The other day I got to work with a musician whose skill far surpassed my own. He could play piano and guitar (and reportedly many other instruments) with the great ease, and as if that weren't enough, had perfect pitch, listening a couple of times to a song and immediately knowing all the root chords and whatnot. Meanwhile I was struggling along on a bass guitar, trying to figure out the chord progressions, asking him incessantly to remind me of the note order (there were like 4 chords in the whole song). By this time he was improving and soloing over the song, while I continued to trip over my 4 notes.

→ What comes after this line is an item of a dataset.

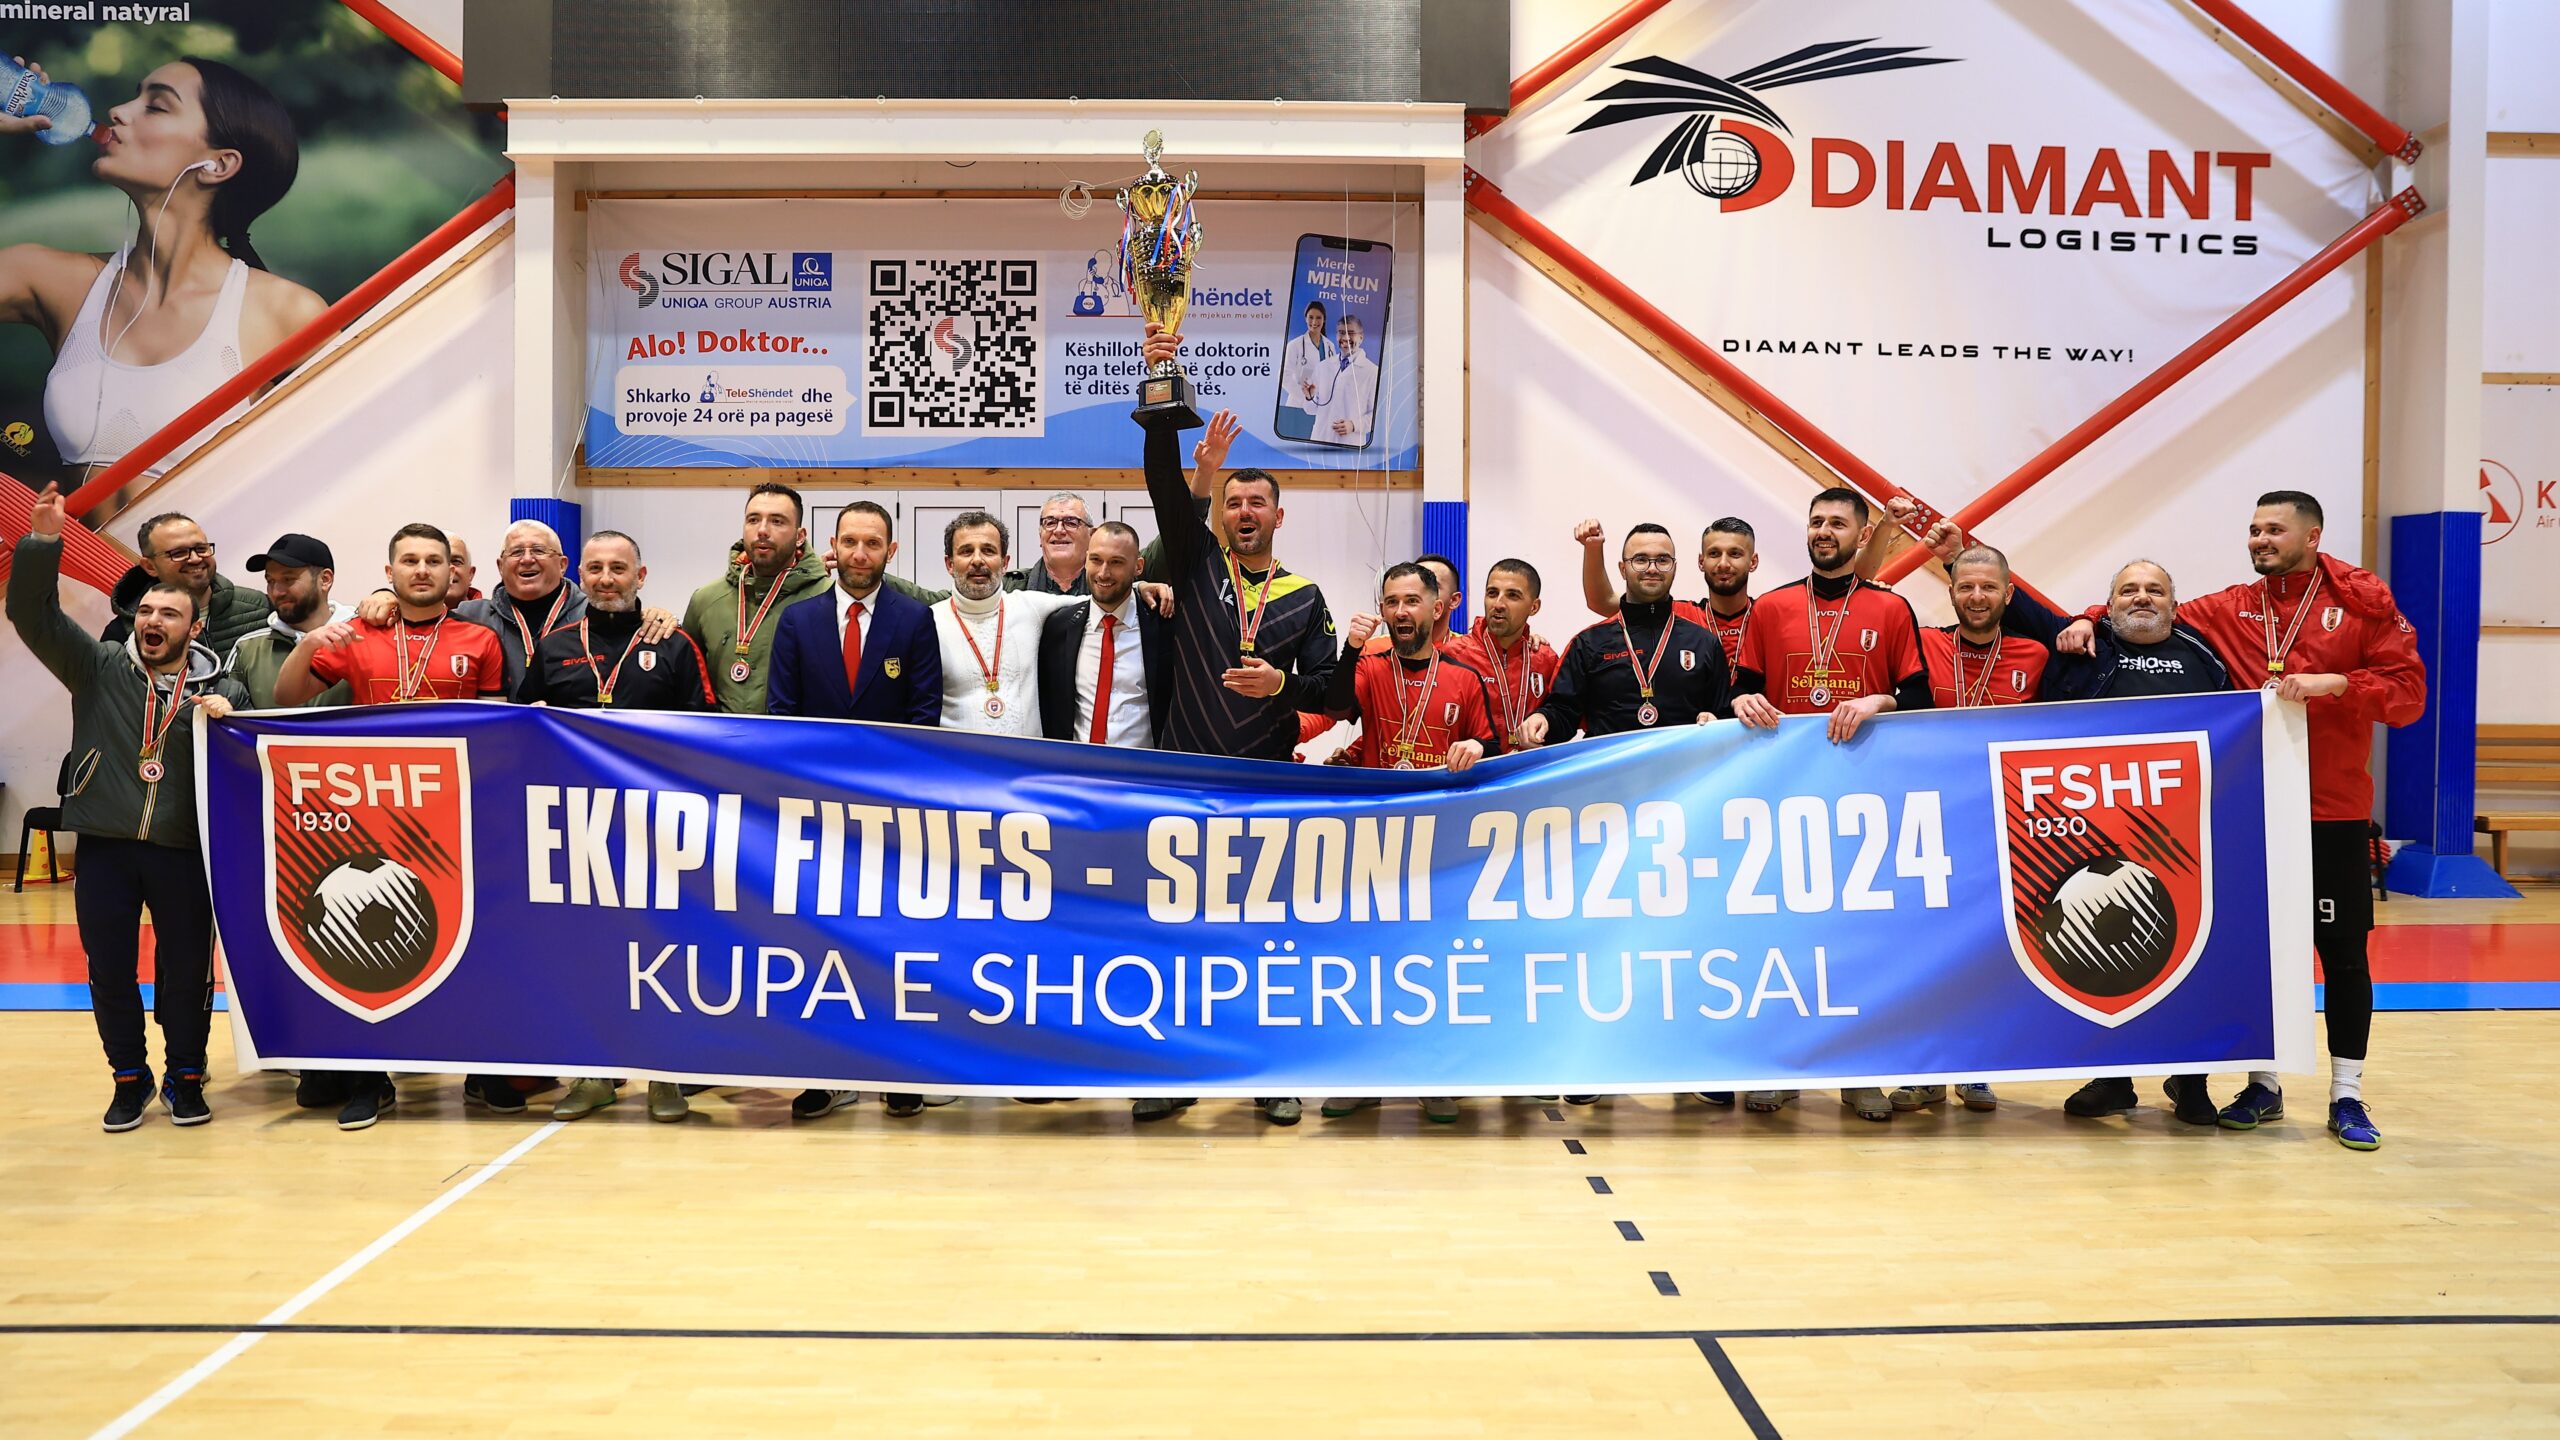 kupa e shqiperise ne futsall flamurtari mund partizanin ne finale dhe siguron trofeun

It always frustrates me that I can't do everything as well as I'd like, but I wonder what it's like to be really good at something like that. I've known lots of people who have these innate talents. Of course, this guy may have been schooled for years at various instruments, and one could argue that's why he's so good now. But then I reflect, I have received lessons on no fewer than 3 musical instruments during my formative years, and now I'm lucky if I can get my pinky finger to go where I tell it. I'd say the ability to actually learn the discipline and stick with it is a talent in its own right, maybe even more impressive than the guy who just naturally has a talent for something. But of course, even that's pretty impressive.

So what does it feel like to be super good at something? Like the kid I met when I was in junior high, he was able to use the rudimentary drawing program on my Apple IIe computer and, using only the chunky mouse available, freehand an elaborate scene of a man on a surfboard (imagine what he could do with an Etch-a-Sketch.) I wonder if really talented people even have a capacity to appreciate how far beyond normal folks they are; maybe they can't even tell they're talented, because it comes so easily to them. That would kind of suck, but I suppose the really talented among us who actually realize the disparity become intolerably arrogant.

This of course makes me think of all the supremely UNtalented people I've known who still manage to be insufferably arrogant anyway. I could theoretically create a false sense of great ability by simply acting like a dick all the time. But sooner or later somebody would hand me a guitar and tell me to play a Billy Joel or Carole King song on sight, and the ugly truth would be revealed.